# Looking for a gas stove and more...



## occidius (Apr 19, 2004)

Hello all,

I am new to this forum, and let me say from reading the posts for the past few hours that this is one of the most overdue forums I have ever seen. I am looking at buying a high quality stove that will last me for quite some time. I want one with four eyes and a grill. So far the only kind that I have looked at was a Viking. Also, is it better to get a cooktop and then purchase the oven component seperately? I'm trying to think about the placement of the hood as well, since it wouldn't be as aestheically pleasing if there was a giant hood over an island. Any advice would be appreciated.


----------



## mezzaluna (Aug 29, 2000)

Hi Occidus and welcome to Chef Talk. Try typing "stove" into the search engine on this board and you'll see several conversations on this same topic.

I have an older Viking range (30"). I love the cooktop, hate the oven. It's an older model- not dual fuel, just gas, a BEAR to clean. The cooktop is a breeze to clean.

My recommendation: be sure you hear from real-world users about the features that matter to you. If I'd known how awful this was to clean I'd never have bought it. I understand they now make a dual-fuel, self-cleaning model. I just wish they'd had those when I bought mine in 1996!

By the way, why not stop in the Welcome Forum and give us a bit of an introduction? We'd be happy to get acquainted.

Regards,
Mezzaluna


----------



## occidius (Apr 19, 2004)

Good to know, thank you. I definitely will steer towards the dual fuel self cleaning.

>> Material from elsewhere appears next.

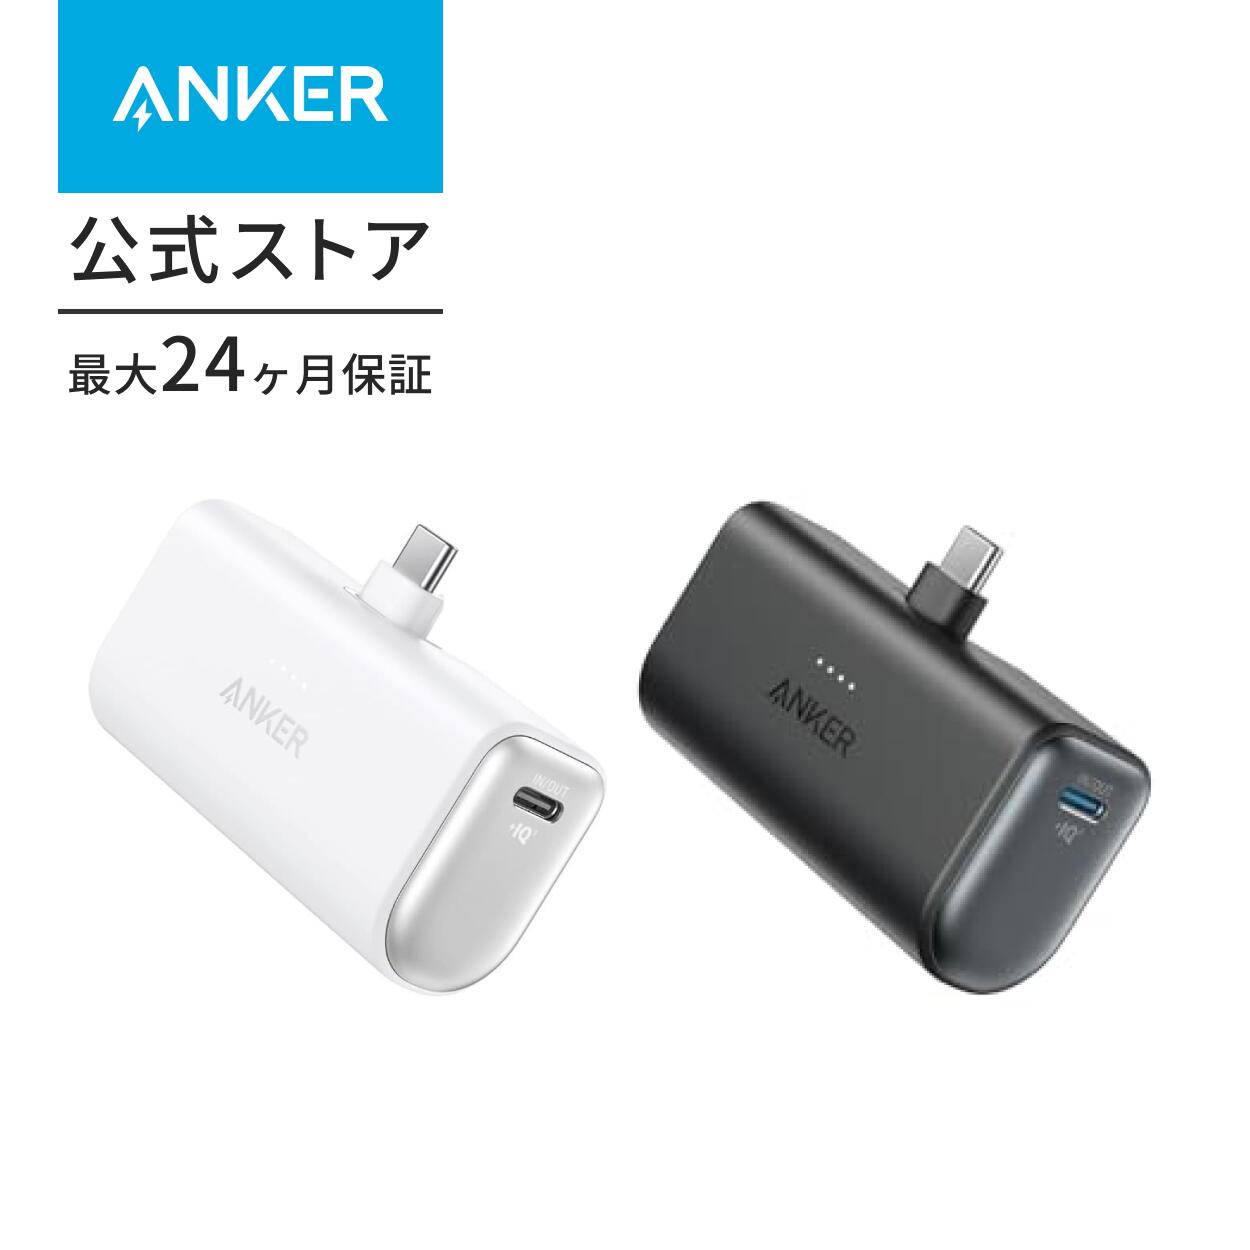 【一部あす楽対応】Anker 621 Power Bank 
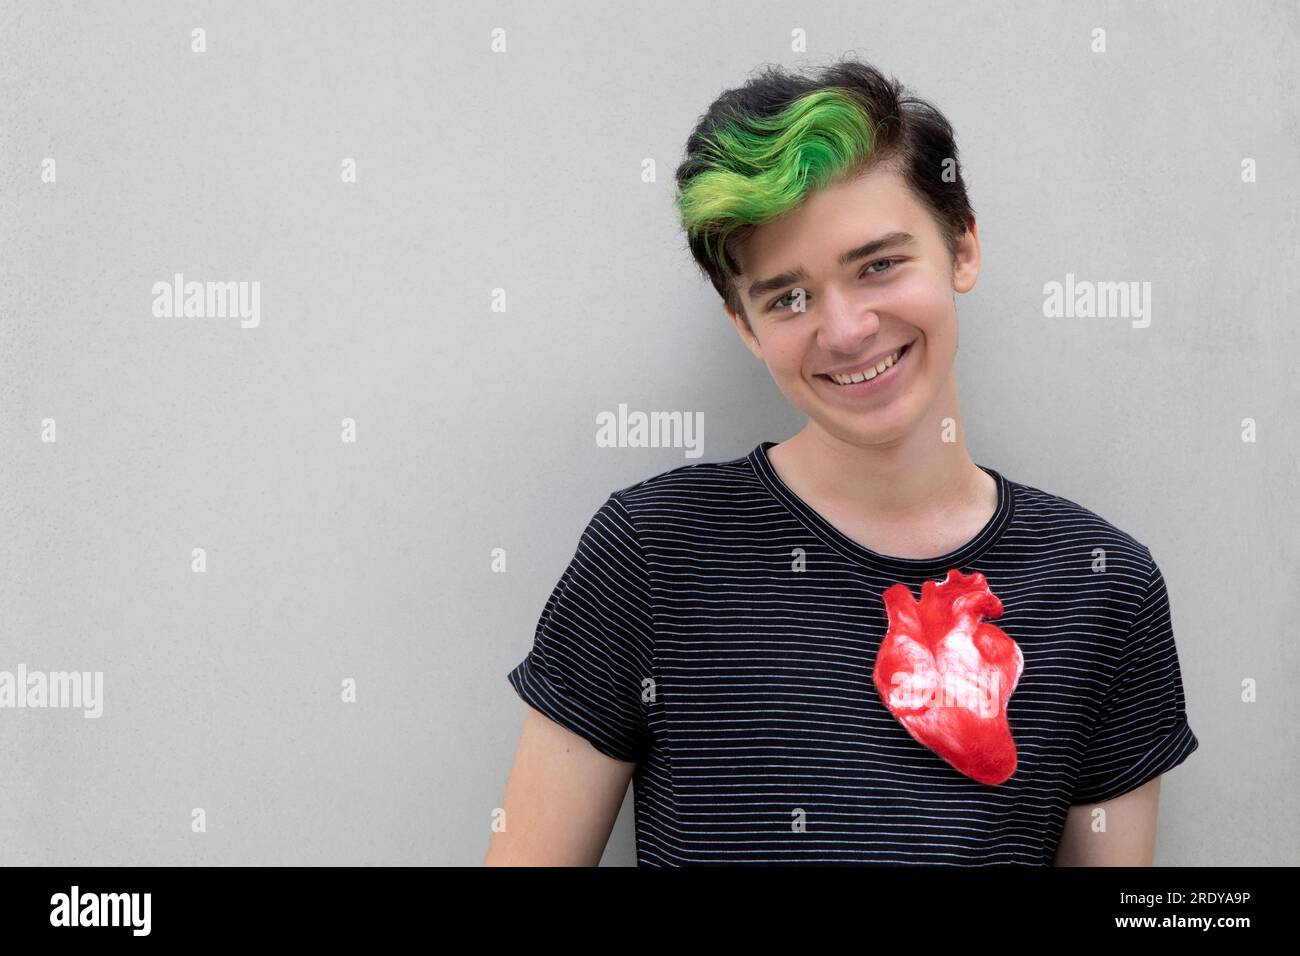 Lächelnder Teenager mit gefärbtem grünen Haar und künstlichem Herz vor grauem Hintergrund Stockfoto

Something I haven't seen addressed was the topic of refrigeration. Subzero's are nice, but them seem pretty pricey. The salesman I spoke to said they can keep food fresher longer, but is it all hype or even worth the extra few days on shelf life?


----------



## scottgreenwood (Oct 5, 2003)

Take a look at the Wolf dual fuel models. I love mine. The oven can take forever to heat, though, but it is an absolute marvel.

On refrigeration -- went from standard large GE Profile to a Subzero (half the capacity, twice the price - progress?). Produce in particular seems to last a bit longer, and greens stay crisper.


----------



## slotwis (Jun 8, 2004)

I am going to buy a range and need some strong feedback and opinions between the Wolf or the Viking. I would also like to hear from anyone who has an all gas open burner Viking or Wolf and what they think of that range. I bake a lot and do some small catering jobs out of my house. 

Thanks very much.


----------



## mezzaluna (Aug 29, 2000)

While you're waiting for more replies, try using the search function on this board to locate earlier conversations on these two appliances. You'll read some interesting thoughts.


----------



## icars (Jun 3, 2004)

I would look at wolf. The other option is DCS. Their commerical ovens are very reasonable. Big bang for the buck. Viking ovens are generally smaller than others on the market. 

Good luck.


----------